With its beautiful mountain views of Mount Fuji, non-stop action in Tokyo, and stunning historical sights in Kyoto, expatriates have found Japan a wonderful place to live.
The country can also be an expensive place to live, but how much it costs to live in Japan will greatly depend on your lifestyle and preferences.
With planning and the right choices, the cost of living in Japan won’t overwhelm you. If you’ve ever wondered “how much does it cost to live in Japan?” keep reading. You’ll see how you can afford it and make your dreams of relocating to Japan come true!
All prices in yen have been converted to U.S. dollars.
How Much Does It Cost To Live in Japan?
The cost of living in Japan, like in many other countries, depends on where you choose to live. Want to reside in Tokyo? You’ll pay high rent for the privilege. Living in Japan is less costly in other cities. Smaller towns and villages can be even more affordable.
Health insurance in Japan is not optional for residents, but how much you have to pay depends on your income, so it shouldn’t overwhelm your budget.

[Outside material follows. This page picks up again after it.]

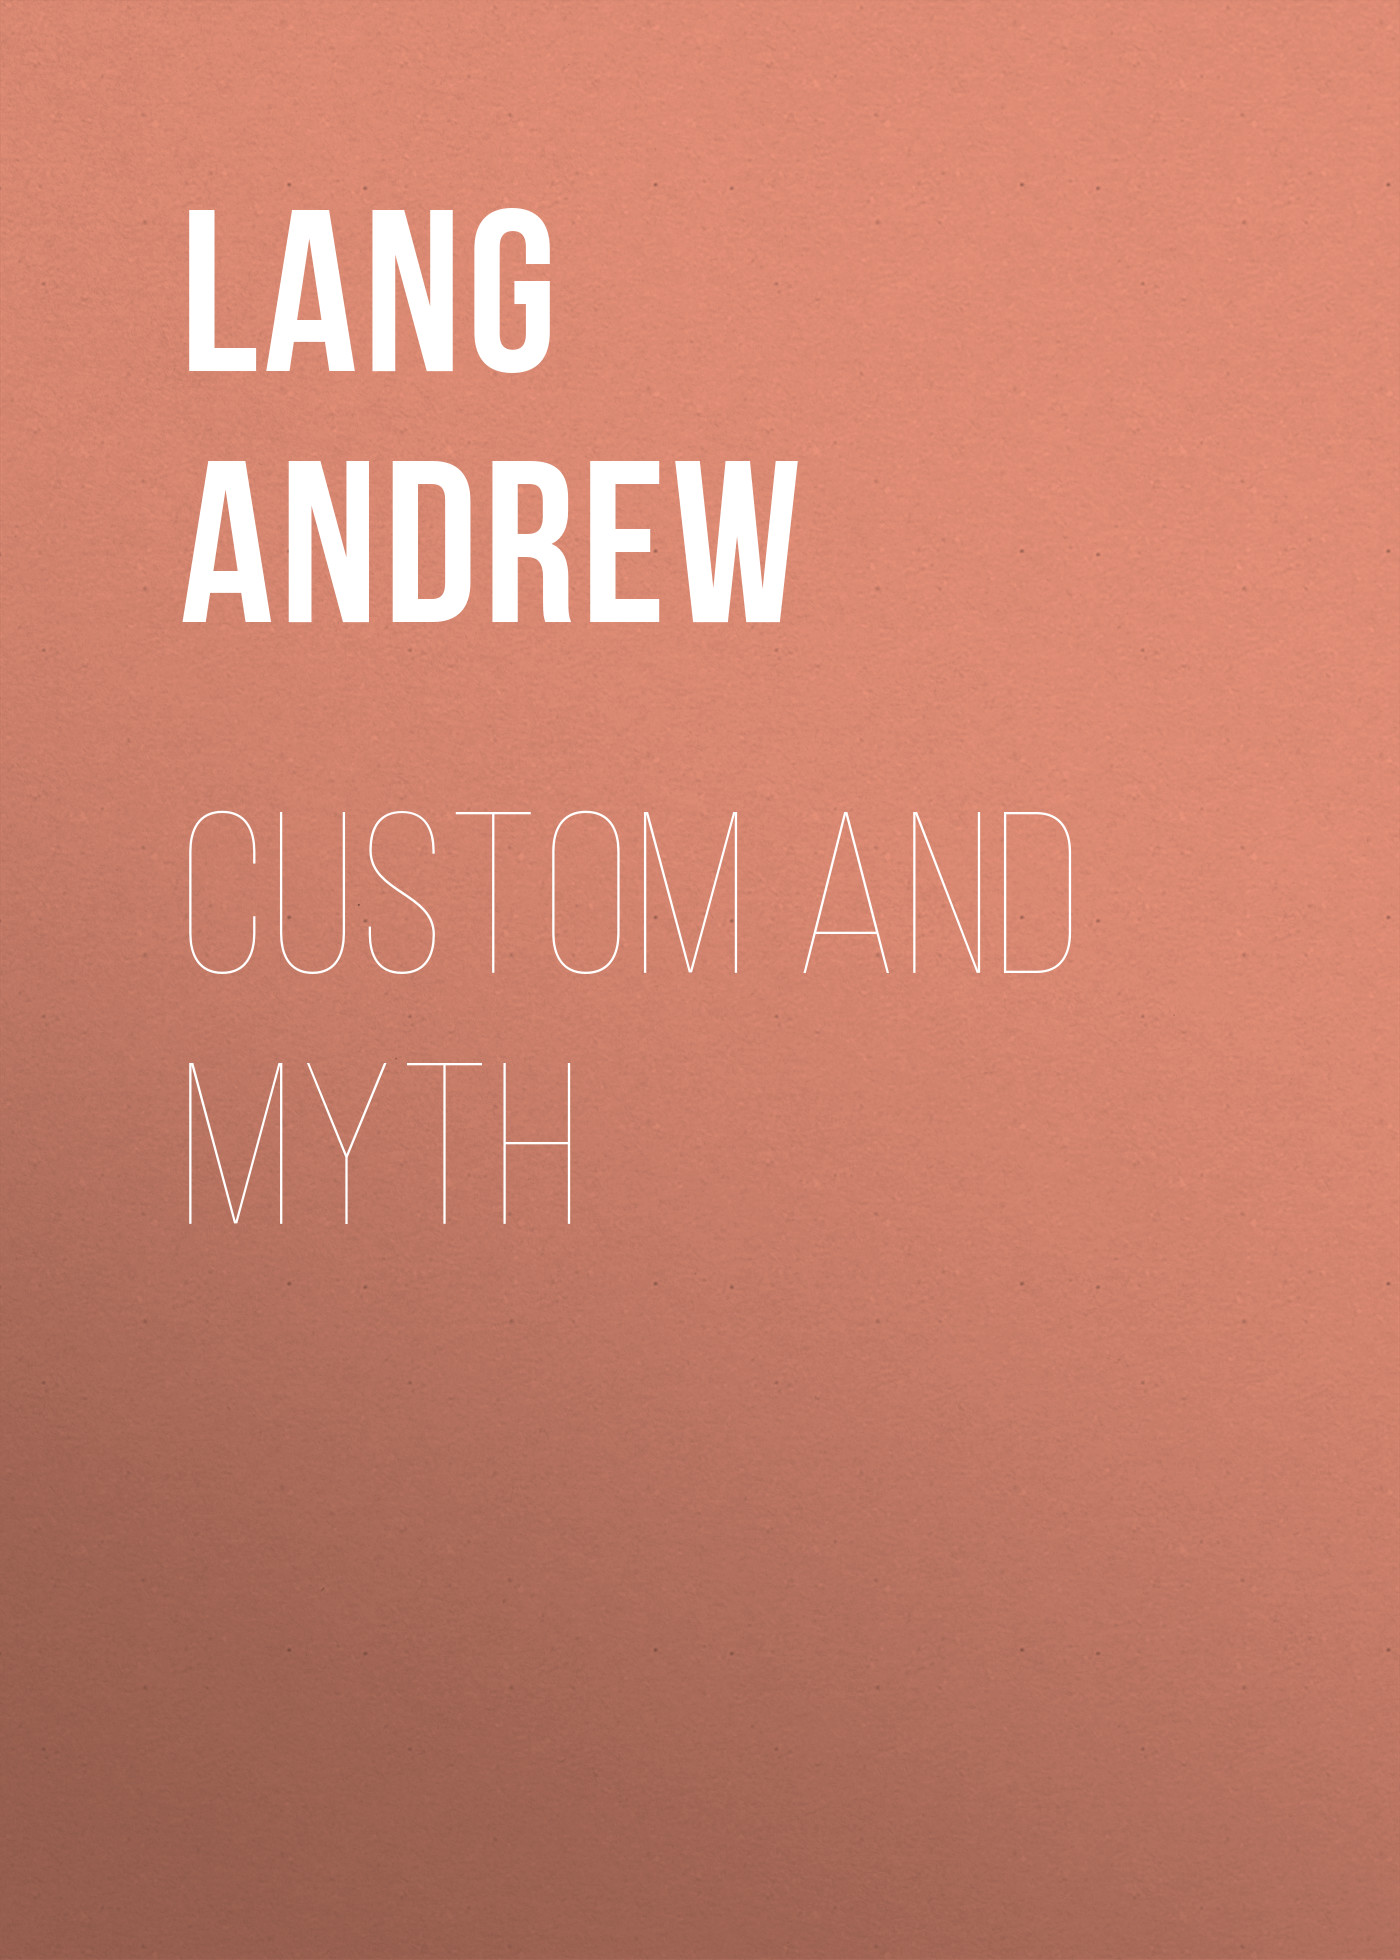 Lang Andrew Custom and Myth cmt in stock bandai tamashii ex virgo shaka cloth myth restock ver action figure cloth myth metal armor
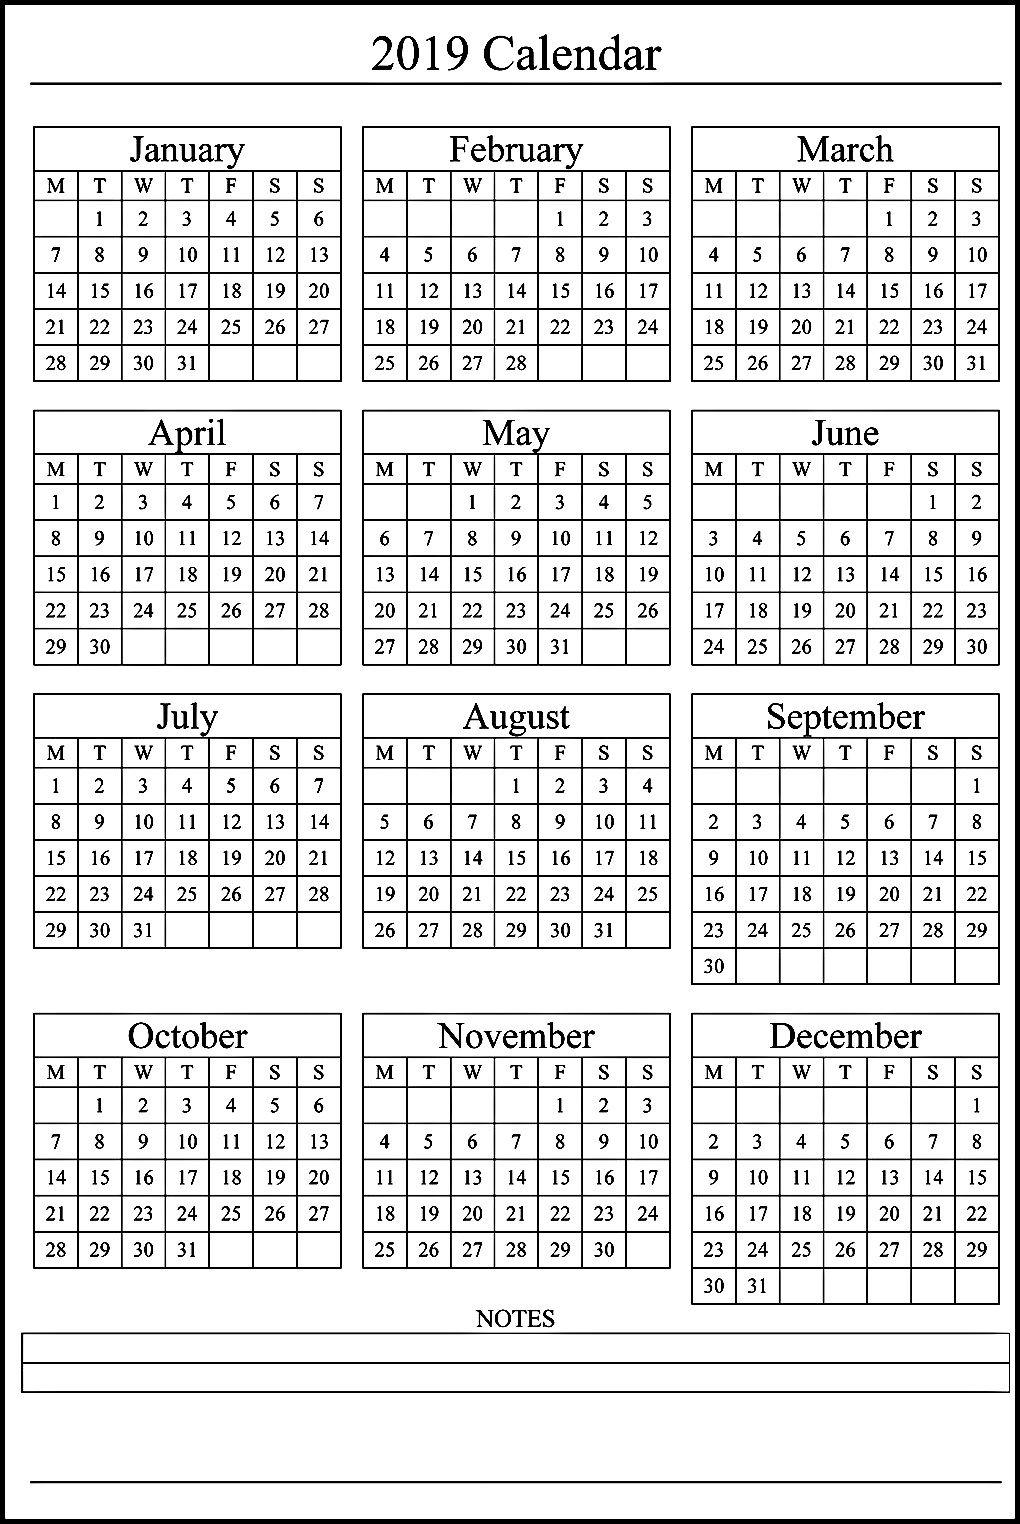 12 Month Calendar On One Page #2019Calendar #holidayscalendar throughout 12 Month Calendar On One Page

The cost of living in Japan also includes things such as transportation, food and entertainment, all of which depend on your chosen lifestyle. Some expats in Japan aim to sightsee as much as they can, traveling to local highlights and renowned locales across the country. Others enjoy going to bars and karaoke every weekend or plan to eat out all the time. The amount you spend on these items is adjustable, so consider your preferences and budget accordingly!
The Cost of Housing in Japan
Housing costs are very much tied to precisely where expats in Japan choose to live. Cities are the most expensive, with Tokyo very much at the top of that list. In fact, Tokyo was near the top of our list of the most expensive cities in the world. Other cities, such as Osaka, Kyoto, and Sapporo, offer a cost of living that is between 20% – 30% lower than life in Tokyo.
Even within cities, rents vary. Living in the heart of a city can be pricey. Select an apartment on the outskirts of a city and you’ll find more affordable rent — but you’ll also face steeper transportation costs to get to the city center.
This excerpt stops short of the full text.